Stocks giving up gains

Amid this resurgent stock market, railways public sector undertaking IRCTC’s offer for sale of nearly ₹650 crore opened on September 30. This IPO has been received well by investors with the issue being oversubscribed within the first two days.

Then came a new tranche of Bharat 22 ETF through which the government hopes to raise a minimum of ₹2,000 crore. With the greenshoe to retain oversubscription of the Bharat 22 ETF up to ₹6,000 crore, the Centre hopes to raise up to ₹8,000 crore with this tranche of the ETF.

Read more: IRCTC IPO call: Green signal

However, the optimism in the stock market seems to be short lived. The past few trading sessions have seen intense volatility with the benchmark Nifty 50 and Sensex indices moving sideways. In the larger listed universe, the benchmark smallcap, and midcap indices have given up some of the gains after the corporate tax rate cut was announced

Companies where the Centre has indicated that it would strategically divest its stake or will bring down its controlling stake like in BPCL and Shipping and Container Corp, the shares continue to surge.
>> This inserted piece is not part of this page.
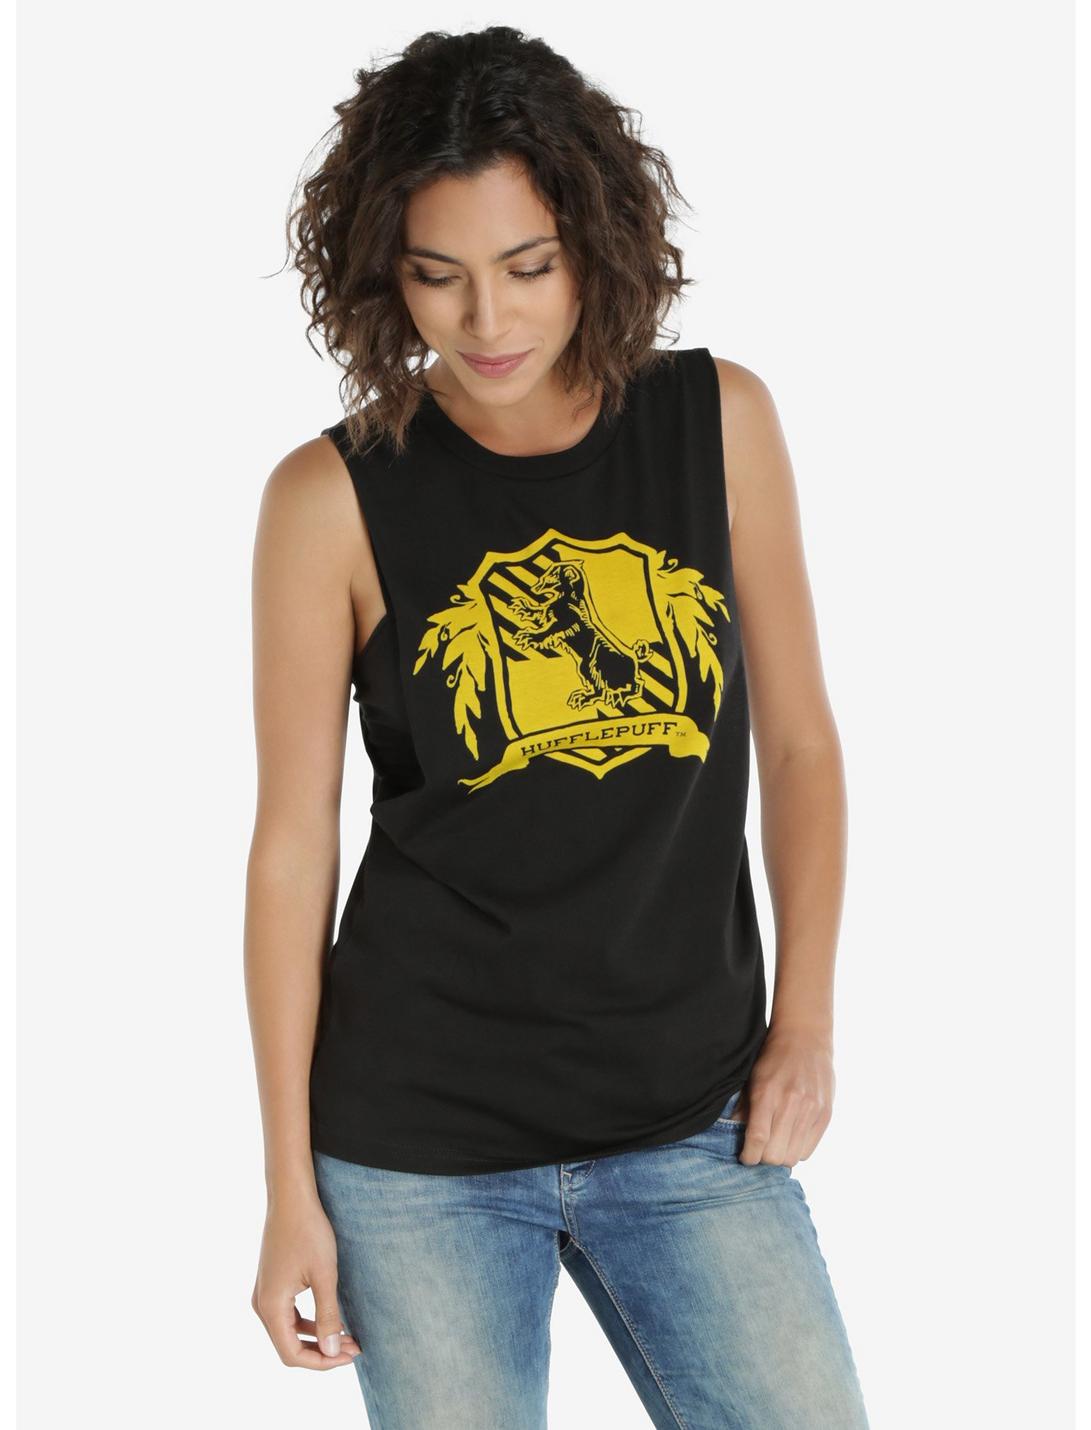 Harry Potter Hufflepuff Womens Muscle Top, BLACK, hi-res

The market capitalization of BPCL has risen over 31 per cent since news broke that Centre would divest its full stake, while those of Shipping Corporation of India and Container Corporation rose nearly 32 per cent and 15 per cent, respectively. However, market capitalization of other PSUs like Power Grid (1.6 per cent), NTPC (2.3 per cent), GAIL India (2.3 per cent) and NALCO (4.9 per cent) fell in the past two weeks.

Some estimates put the total mop-up by the Centre through strategic divestment of its stake in the three companies at nearly ₹80,000 crore.

 

Steep target

This could put pressure on government’s plans to raise enough resources through divestment as some of the PSU stocks are also part of the Bharat 22 ETF. Even if the government manages to sell BPCL, Shipping Corp of India, its 30 per cent stake in Container Corp, and sale of unlisted entities like THDC India and NEEPCO (North Eastern Electric Power Corp) to NTPC, overshooting the disinvestment target, which some reports put at up to ₹1,57,000 crore seems farfetched.

Read also: Govt plans to raise ₹3.25 lakh cr through disinvestment in next 5 years

Niti Aayog has been put to work to devise a strategy to boost disinvestment receipts, which according to data from DIPAM (Department of Investment and Public Asset Management) is ₹12,357 crore from disinvestments in the current financial year till now. If you add around ₹650 crore from IRCTC, this could touch ₹13,000 crore.

Whether the government manages to raise over ₹1,44,000 crore in the next six months, by forcing PSUs like NTPC to buy out its stake in NEEPCO and THDC or by selling crown jewels like BPCL is very difficult if the market takes a turn for the worst. Adding the fears of a global recession due to a manufacturing slowdown during US-China trade war, the government will have to cross its fingers that it doesn’t get singed by any blowback if the world economy goes into recession.